# advice for new IBEW apprentice



## OCFeeney1994 (Sep 16, 2014)

Hey guys, I just had my interview for union apprenticeship. I showed up early, well dressed, and prepared answers for some of the predictable questions (5 year goal, 10 year goal, why you are wanting the apprenticeship etc). I received my scores from each interviewer and they were in the "A" range. 

I am waiting to see where I land on the POE list but i'm confident I will be called out to work within a few months (if work stays steady). 

I currently do not work a physical job but I am very athletic, lift weights, and stay pretty active. I've helped people move, build, fix cars and when I do I work really hard. 

My question is how long does it take to become used to a physical demanding job such as the fatigue I might experience. I'm not discourage by hard work but feel I might not be conditioned coming from a slower pace job. 

Does your body adjust quickly?

Anyone go into electrical after having a sit down job and get used to it right away?


----------



## power (Feb 27, 2012)

I think some it depends on your age. If your a young man (-40yrs), you should be ok with increased activity. 

I would be careful about "braking your back" as the idiom goes. In other words, I don't think any respectable employer would be asking you to do hours of gruelling hard labor. True, from time-to-time, some "muscle grease". But work in a balanced way, not lazy.....and conversely, not like a slave neither. 

Work smart. Some younger guys will "struggle" with things that experienced men find easier. Naturally, you won't have the experience yet. But, watch the older guys and see how they do things.
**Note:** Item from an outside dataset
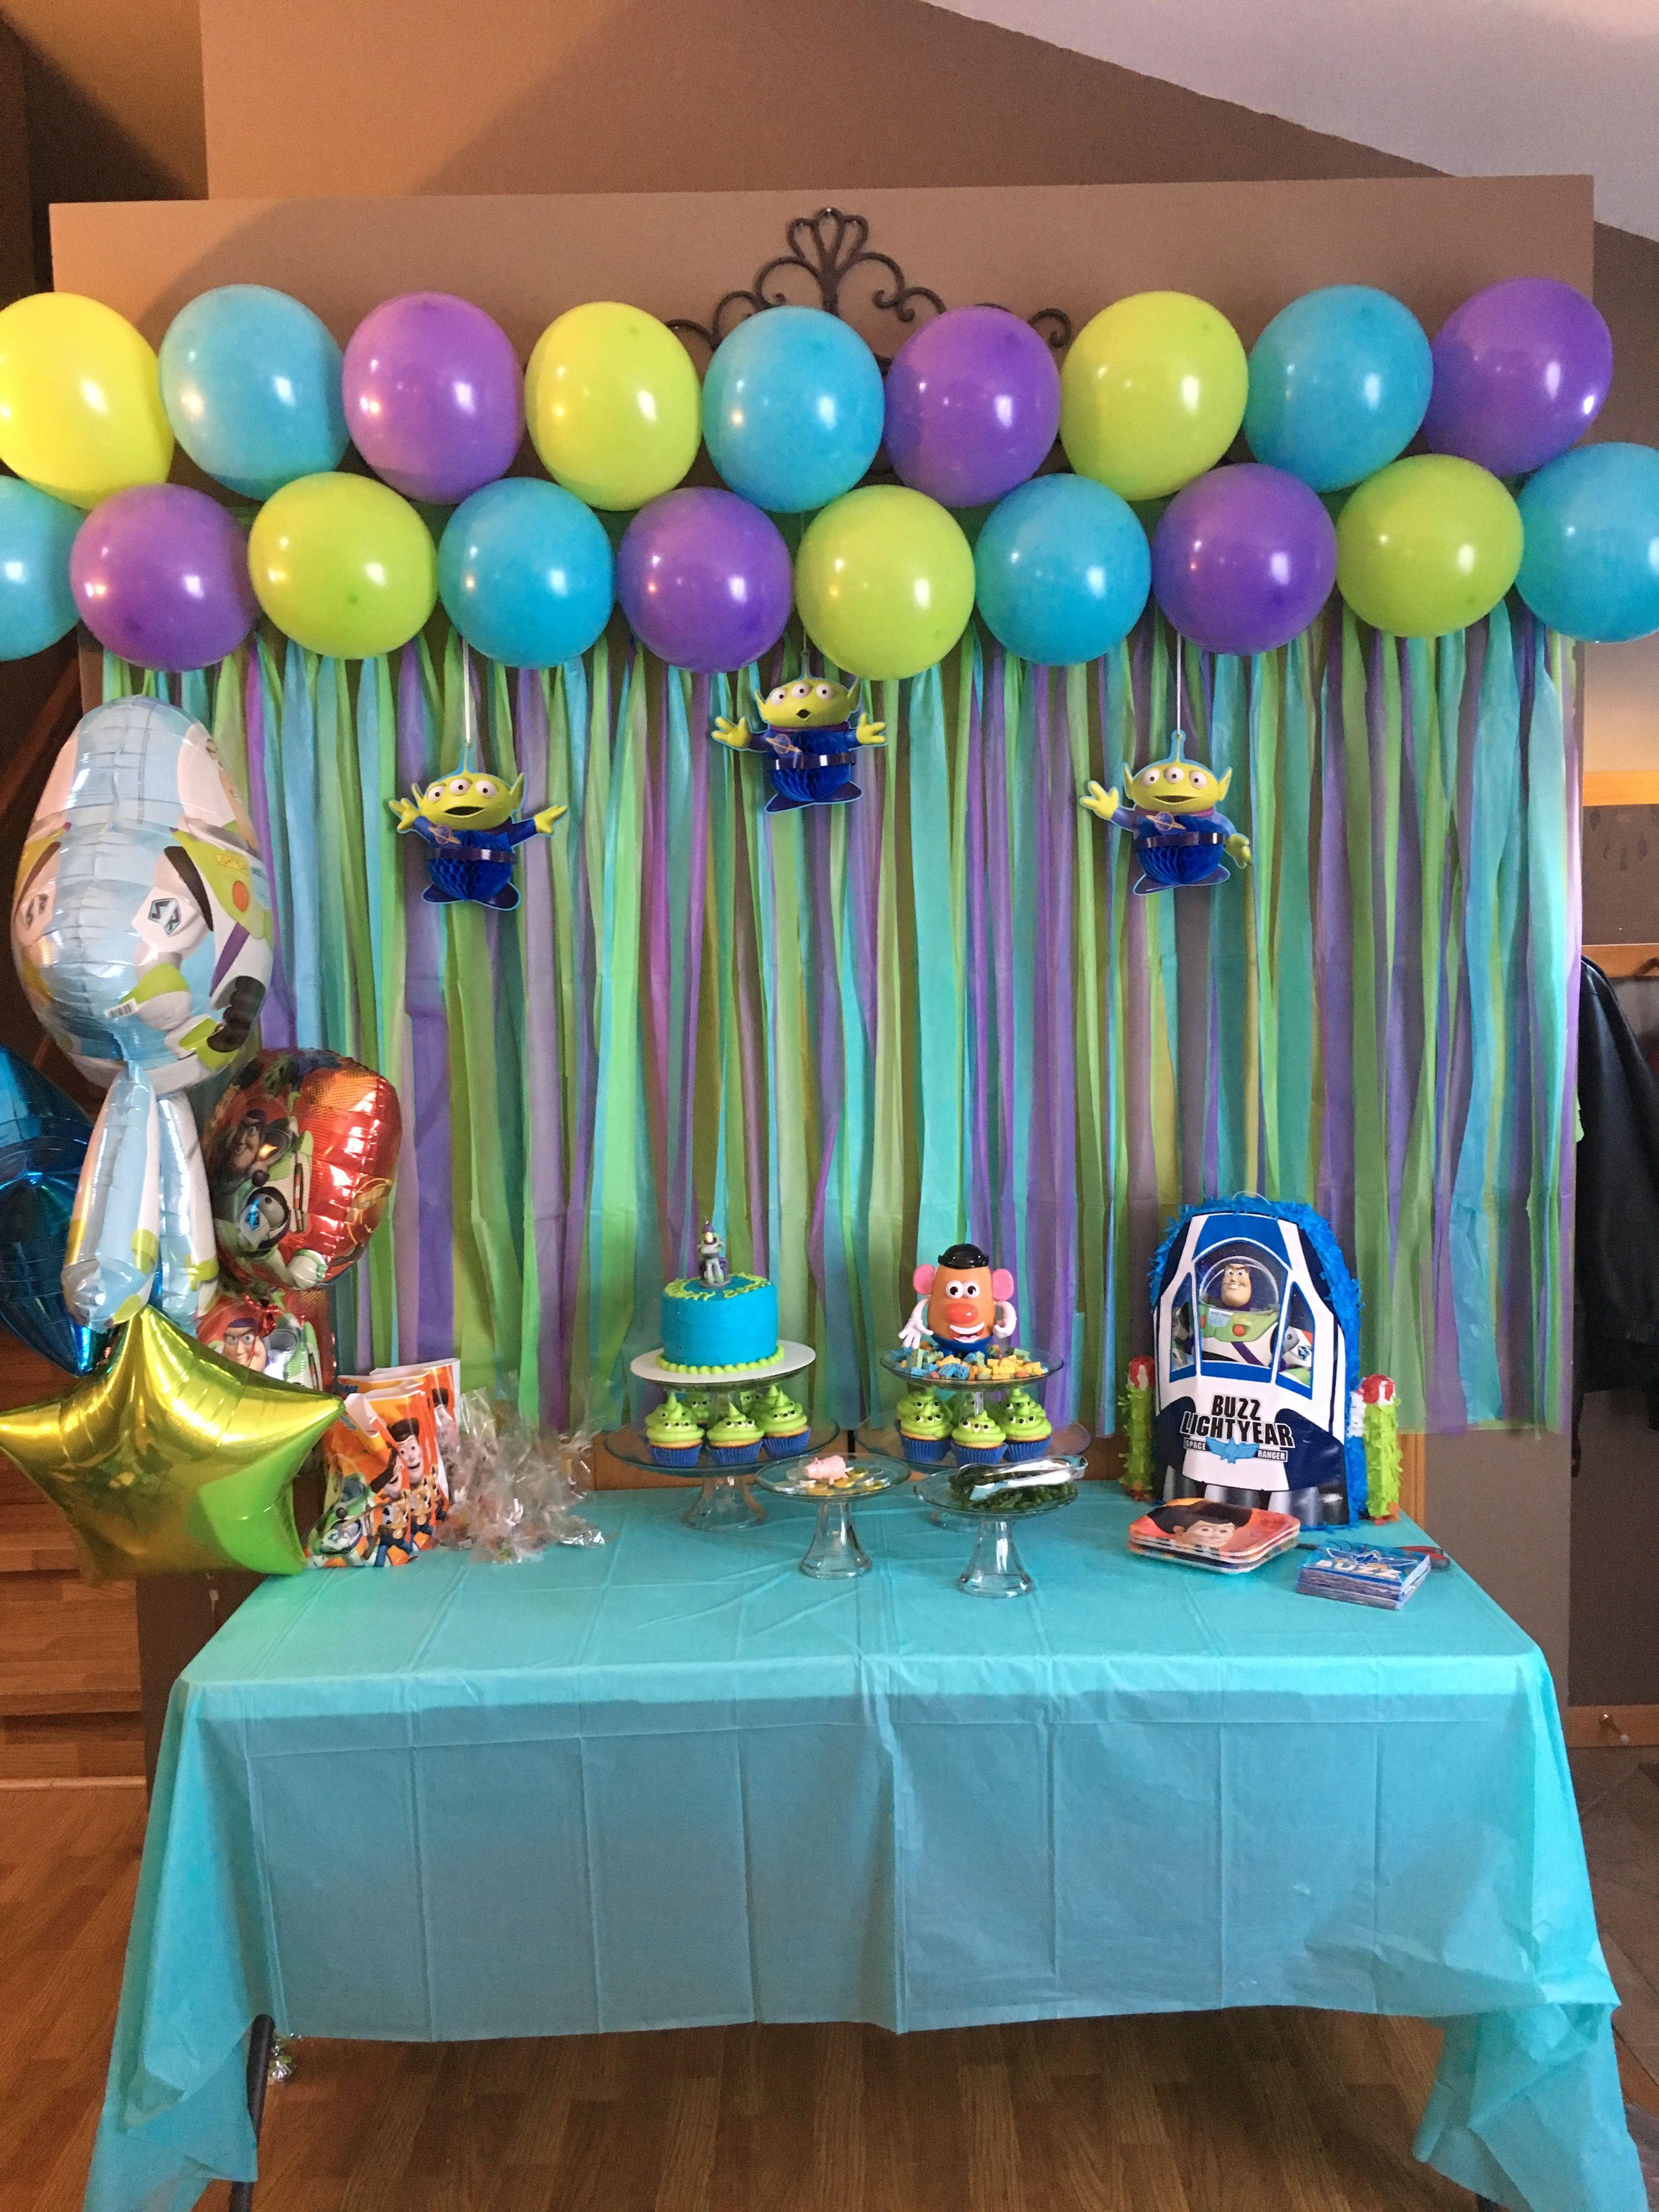 Toy Story Buzz Lightyear Party In 2019 Toy Story Birthday

Anyway.....that's my 2 cents.


----------



## Black Dog (Oct 16, 2011)

OCFeeney1994 said:


> Hey guys, I just had my interview for union apprenticeship. I showed up early, well dressed, and prepared answers for some of the predictable questions (5 year goal, 10 year goal, why you are wanting the apprenticeship etc). I received my scores from each interviewer and they were in the "A" range.
> 
> I am waiting to see where I land on the POE list but i'm confident I will be called out to work within a few months (if work stays steady).
> 
> ...


You must train yourself to ignore pain:laughing:


Sounds like you will do just fine, Welcome to the electrical trade and ET:thumbsup:


----------



## eejack (Jul 14, 2012)

The biggest adjustment is being on your feet all day - good comfortable work boots, good socks will help with that.

The next issue is dealing with the dirt. All kinds of it. From soil to grease to whatever ungodly schmutsh comes off of MC ( protip - wash your hands before going to the bathroom as you don't want to use pumice on your junk to get that stuff off ).

Gloves will help with the soft hands, ear plugs with all the noise you never experienced before, if you don't wear a hard hat, most folks wear a hat of some sort.

Treat folks with respect, be willing to work, show up on time every day, sober and whenever possible, help out the old timers as kindly as you can - someday you will be one of them.

Welcome to the site and hopefully to the brotherhood.


----------



## OCFeeney1994 (Sep 16, 2014)

Thanks eejack. I'll use all of that advice especially the bathroom tip!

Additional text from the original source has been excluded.